### [EXERCISE DETAILS]
Only the text belongs in the copy. Transcribe the data exactly and drop any pictures.

### [SOURCE MATERIAL]
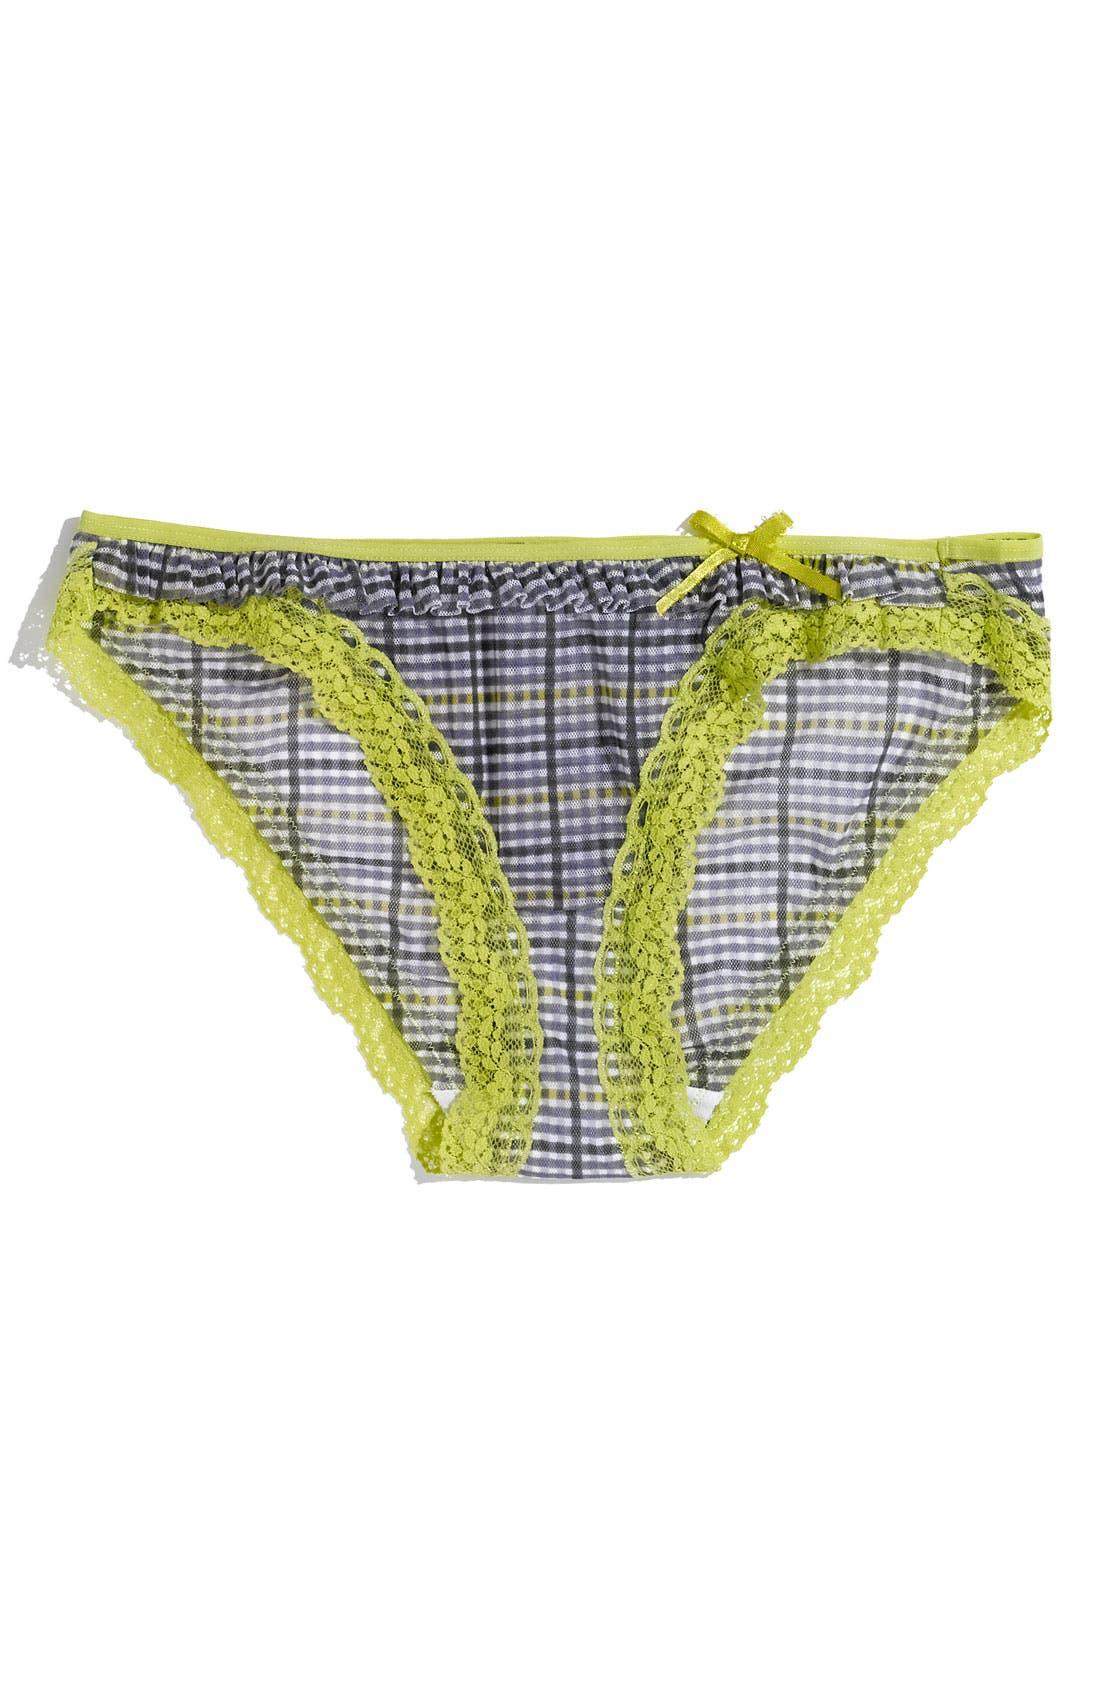 Main Image - DKNY 'Fancy Frills' Bikini
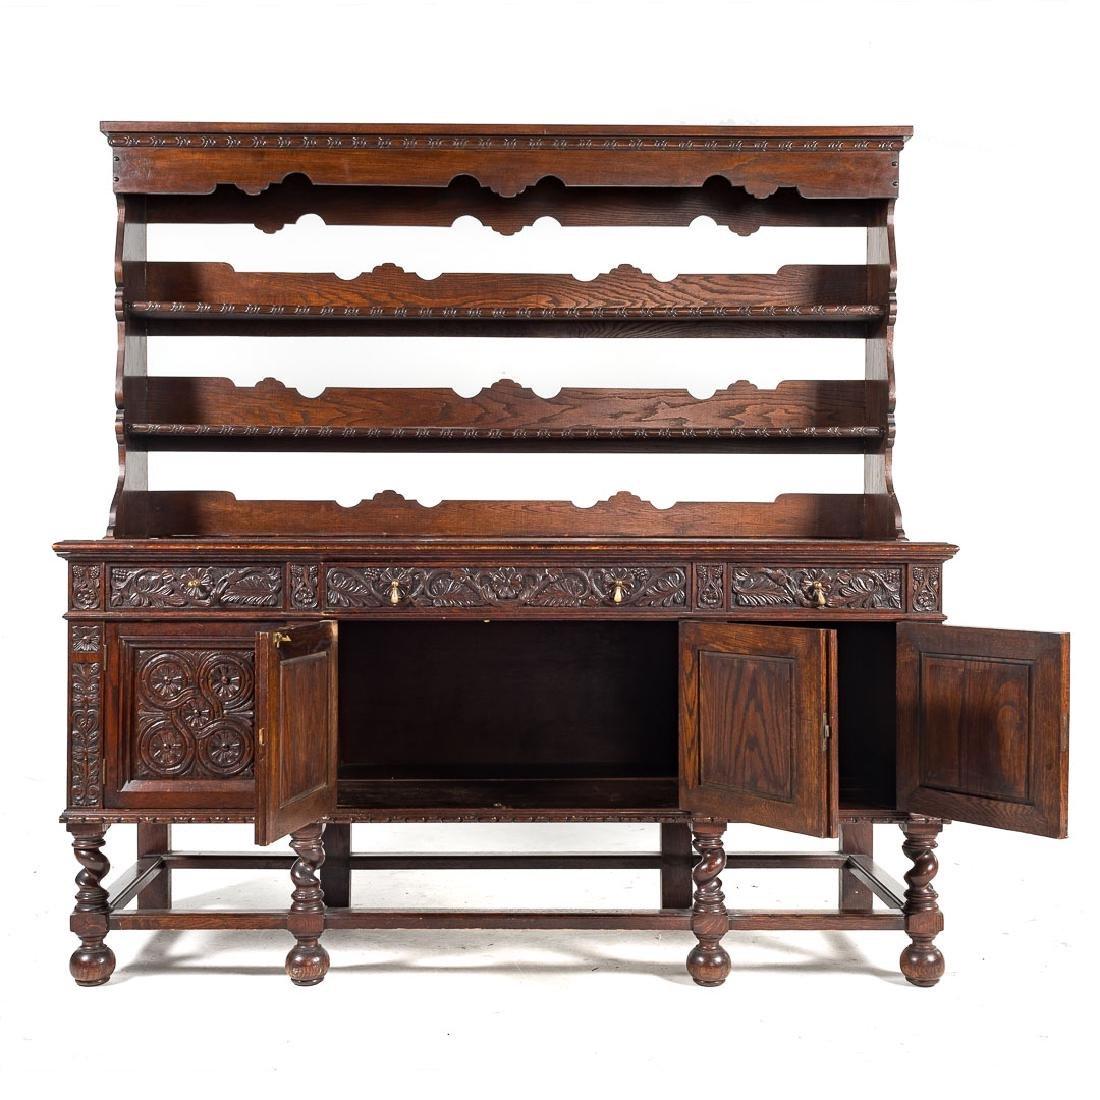 Jacobean Revival style carved oak dresser, - 3
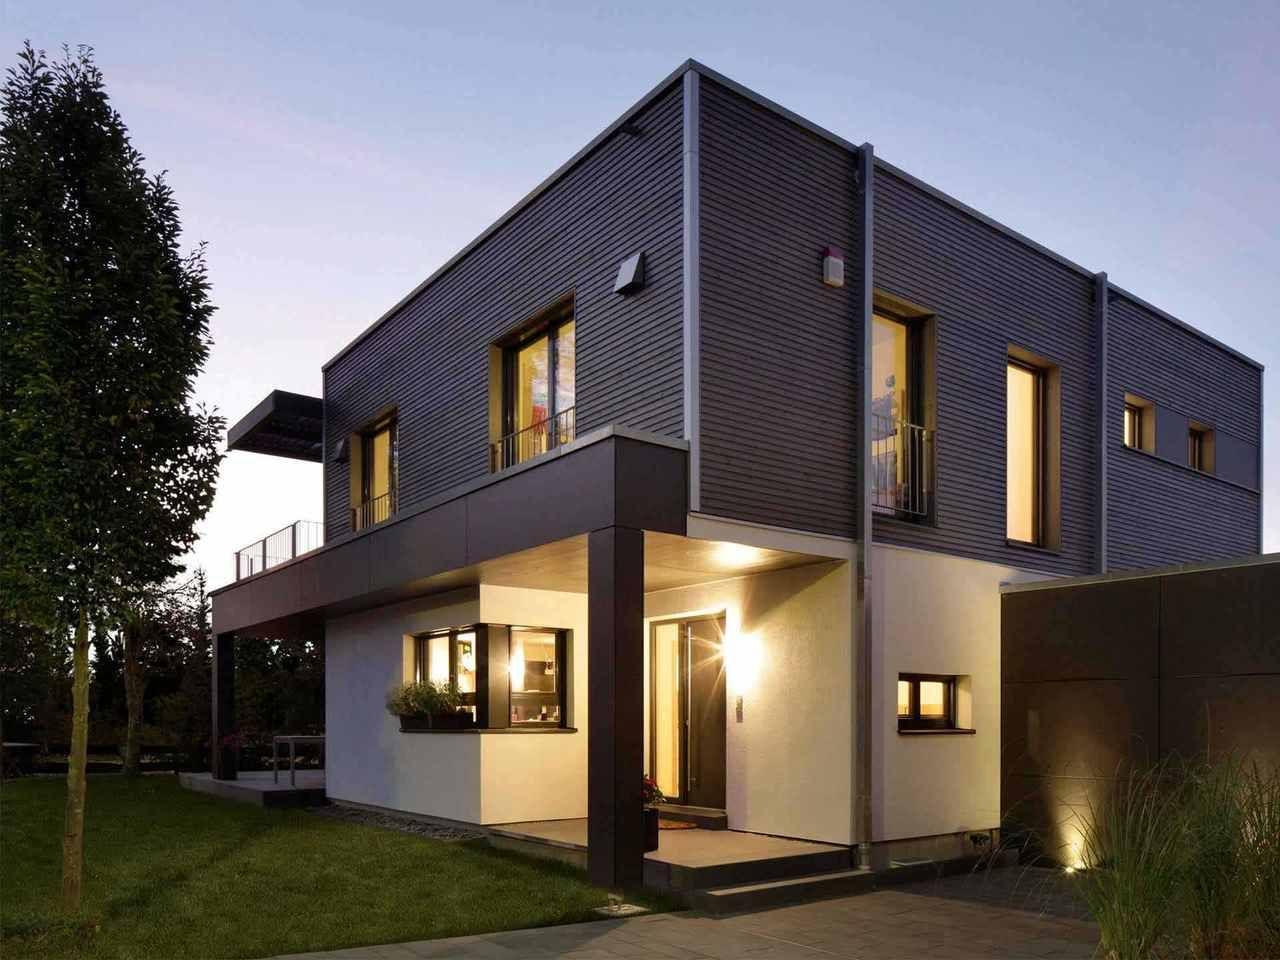 Doppelhaus Nilles Baufritz Baufritz, Moderne

### [SOLUTION]
 Main Image - DKNY 'Fancy Frills' Bikini
 Jacobean Revival style carved oak dresser, - 3
 Doppelhaus Nilles Baufritz Baufritz, Moderne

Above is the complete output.